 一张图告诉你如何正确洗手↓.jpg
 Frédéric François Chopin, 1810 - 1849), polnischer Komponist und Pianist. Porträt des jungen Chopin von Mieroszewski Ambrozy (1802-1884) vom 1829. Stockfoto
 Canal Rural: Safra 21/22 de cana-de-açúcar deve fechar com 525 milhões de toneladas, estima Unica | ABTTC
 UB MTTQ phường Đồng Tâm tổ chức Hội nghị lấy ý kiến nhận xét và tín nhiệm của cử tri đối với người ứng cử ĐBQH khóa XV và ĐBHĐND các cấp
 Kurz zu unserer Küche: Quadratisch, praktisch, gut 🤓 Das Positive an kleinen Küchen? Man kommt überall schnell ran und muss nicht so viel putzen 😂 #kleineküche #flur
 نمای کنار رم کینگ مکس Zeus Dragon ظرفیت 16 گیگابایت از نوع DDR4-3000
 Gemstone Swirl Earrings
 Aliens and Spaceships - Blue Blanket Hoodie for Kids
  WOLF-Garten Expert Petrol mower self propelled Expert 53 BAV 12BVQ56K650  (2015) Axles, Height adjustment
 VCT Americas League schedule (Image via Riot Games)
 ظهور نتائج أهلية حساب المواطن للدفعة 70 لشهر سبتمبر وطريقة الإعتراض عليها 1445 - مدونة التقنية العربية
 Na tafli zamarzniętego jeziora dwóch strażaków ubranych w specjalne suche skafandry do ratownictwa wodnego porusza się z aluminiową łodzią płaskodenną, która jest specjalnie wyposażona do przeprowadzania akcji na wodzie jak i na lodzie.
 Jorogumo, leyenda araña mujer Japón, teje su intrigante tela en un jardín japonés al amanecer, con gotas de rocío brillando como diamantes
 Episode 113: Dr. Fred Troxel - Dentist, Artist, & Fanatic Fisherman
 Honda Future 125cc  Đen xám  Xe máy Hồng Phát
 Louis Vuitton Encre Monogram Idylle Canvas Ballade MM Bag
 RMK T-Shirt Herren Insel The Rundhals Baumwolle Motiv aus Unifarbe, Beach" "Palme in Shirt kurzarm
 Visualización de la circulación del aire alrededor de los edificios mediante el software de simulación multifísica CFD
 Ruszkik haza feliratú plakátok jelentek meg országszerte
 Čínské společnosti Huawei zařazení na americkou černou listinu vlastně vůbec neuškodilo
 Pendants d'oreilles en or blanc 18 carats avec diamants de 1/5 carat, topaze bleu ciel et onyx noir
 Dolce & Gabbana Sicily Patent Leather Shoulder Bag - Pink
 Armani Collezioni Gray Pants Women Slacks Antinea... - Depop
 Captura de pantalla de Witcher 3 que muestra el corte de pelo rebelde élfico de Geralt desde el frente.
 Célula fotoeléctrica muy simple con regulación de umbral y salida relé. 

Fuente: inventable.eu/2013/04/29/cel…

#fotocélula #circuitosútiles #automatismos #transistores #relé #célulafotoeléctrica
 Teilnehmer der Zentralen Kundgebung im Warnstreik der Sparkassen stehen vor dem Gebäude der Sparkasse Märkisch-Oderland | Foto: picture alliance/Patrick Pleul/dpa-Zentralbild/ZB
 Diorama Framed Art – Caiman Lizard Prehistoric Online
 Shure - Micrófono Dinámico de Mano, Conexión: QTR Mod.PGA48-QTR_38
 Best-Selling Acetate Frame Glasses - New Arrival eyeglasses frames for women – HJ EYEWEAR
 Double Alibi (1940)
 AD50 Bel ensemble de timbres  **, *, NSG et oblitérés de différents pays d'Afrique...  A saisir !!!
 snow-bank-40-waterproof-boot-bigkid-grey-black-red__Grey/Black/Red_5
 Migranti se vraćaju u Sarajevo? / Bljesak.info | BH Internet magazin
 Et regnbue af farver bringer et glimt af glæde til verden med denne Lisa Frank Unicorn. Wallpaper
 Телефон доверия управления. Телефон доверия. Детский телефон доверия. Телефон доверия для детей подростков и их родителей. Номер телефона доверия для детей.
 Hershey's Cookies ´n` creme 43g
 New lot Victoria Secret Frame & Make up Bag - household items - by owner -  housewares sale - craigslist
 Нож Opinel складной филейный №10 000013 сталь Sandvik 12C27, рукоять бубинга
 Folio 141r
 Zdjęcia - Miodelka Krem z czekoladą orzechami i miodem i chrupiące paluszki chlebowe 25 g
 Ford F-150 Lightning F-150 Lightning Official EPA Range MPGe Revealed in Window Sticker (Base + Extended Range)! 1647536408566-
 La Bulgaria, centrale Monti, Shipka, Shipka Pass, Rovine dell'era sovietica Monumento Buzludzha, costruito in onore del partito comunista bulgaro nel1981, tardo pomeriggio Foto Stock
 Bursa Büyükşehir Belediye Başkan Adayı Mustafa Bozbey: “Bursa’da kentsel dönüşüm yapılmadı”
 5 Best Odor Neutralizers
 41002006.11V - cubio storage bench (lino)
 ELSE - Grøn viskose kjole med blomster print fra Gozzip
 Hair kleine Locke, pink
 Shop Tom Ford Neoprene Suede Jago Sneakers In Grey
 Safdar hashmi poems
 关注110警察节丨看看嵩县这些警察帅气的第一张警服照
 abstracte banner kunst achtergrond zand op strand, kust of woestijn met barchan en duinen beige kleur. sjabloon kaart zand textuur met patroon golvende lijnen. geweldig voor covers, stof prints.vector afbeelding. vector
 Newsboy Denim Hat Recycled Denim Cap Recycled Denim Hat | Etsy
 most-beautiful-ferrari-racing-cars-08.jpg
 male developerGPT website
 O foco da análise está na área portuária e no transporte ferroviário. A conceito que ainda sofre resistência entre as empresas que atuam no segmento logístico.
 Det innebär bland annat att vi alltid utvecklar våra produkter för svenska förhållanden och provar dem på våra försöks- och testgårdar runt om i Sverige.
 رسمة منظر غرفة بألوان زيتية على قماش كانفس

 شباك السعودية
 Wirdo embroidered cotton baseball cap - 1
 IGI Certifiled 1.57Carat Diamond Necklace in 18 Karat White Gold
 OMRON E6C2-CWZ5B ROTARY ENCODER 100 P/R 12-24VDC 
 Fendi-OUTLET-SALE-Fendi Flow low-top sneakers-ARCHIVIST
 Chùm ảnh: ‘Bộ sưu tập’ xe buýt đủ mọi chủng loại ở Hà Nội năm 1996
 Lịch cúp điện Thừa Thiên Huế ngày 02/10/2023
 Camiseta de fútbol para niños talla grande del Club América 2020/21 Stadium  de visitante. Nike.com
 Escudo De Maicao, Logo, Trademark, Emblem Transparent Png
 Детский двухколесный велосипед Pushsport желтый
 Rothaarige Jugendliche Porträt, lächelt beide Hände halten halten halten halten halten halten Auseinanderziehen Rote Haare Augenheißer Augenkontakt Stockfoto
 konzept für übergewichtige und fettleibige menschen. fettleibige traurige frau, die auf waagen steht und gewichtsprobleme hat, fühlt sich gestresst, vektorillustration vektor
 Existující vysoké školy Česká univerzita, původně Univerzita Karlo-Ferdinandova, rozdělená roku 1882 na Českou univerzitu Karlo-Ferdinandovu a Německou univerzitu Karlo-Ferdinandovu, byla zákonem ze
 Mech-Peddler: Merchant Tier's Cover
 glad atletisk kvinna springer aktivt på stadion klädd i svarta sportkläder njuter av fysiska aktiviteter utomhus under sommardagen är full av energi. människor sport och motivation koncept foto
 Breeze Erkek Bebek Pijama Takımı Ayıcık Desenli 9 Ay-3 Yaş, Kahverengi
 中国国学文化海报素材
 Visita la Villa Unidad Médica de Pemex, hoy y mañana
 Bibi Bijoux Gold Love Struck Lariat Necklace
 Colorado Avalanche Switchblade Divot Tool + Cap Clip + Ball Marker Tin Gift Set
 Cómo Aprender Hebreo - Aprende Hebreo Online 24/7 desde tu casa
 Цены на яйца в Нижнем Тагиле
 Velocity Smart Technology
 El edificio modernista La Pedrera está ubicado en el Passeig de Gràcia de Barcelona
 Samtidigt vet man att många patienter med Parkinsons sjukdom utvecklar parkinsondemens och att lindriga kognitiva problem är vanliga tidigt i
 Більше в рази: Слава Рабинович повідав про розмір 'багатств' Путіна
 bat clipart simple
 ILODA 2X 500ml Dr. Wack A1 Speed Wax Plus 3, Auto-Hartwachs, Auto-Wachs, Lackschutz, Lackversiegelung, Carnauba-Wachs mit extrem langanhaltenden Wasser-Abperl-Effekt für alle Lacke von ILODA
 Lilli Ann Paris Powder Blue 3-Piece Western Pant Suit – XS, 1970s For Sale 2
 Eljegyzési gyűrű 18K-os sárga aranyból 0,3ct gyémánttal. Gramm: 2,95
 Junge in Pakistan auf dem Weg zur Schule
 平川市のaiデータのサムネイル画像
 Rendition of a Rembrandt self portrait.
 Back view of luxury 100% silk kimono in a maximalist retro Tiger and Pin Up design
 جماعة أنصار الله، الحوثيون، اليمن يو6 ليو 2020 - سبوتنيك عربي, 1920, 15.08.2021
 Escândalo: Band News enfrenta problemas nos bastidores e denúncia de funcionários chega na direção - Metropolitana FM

##############################

§ EXERCISE
Return each line among the entries that holds the word "Детский".

§ FINAL ANSWER
 Телефон доверия управления. Телефон доверия. Детский телефон доверия. Телефон доверия для детей подростков и их родителей. Номер телефона доверия для детей.
 Детский двухколесный велосипед Pushsport желтый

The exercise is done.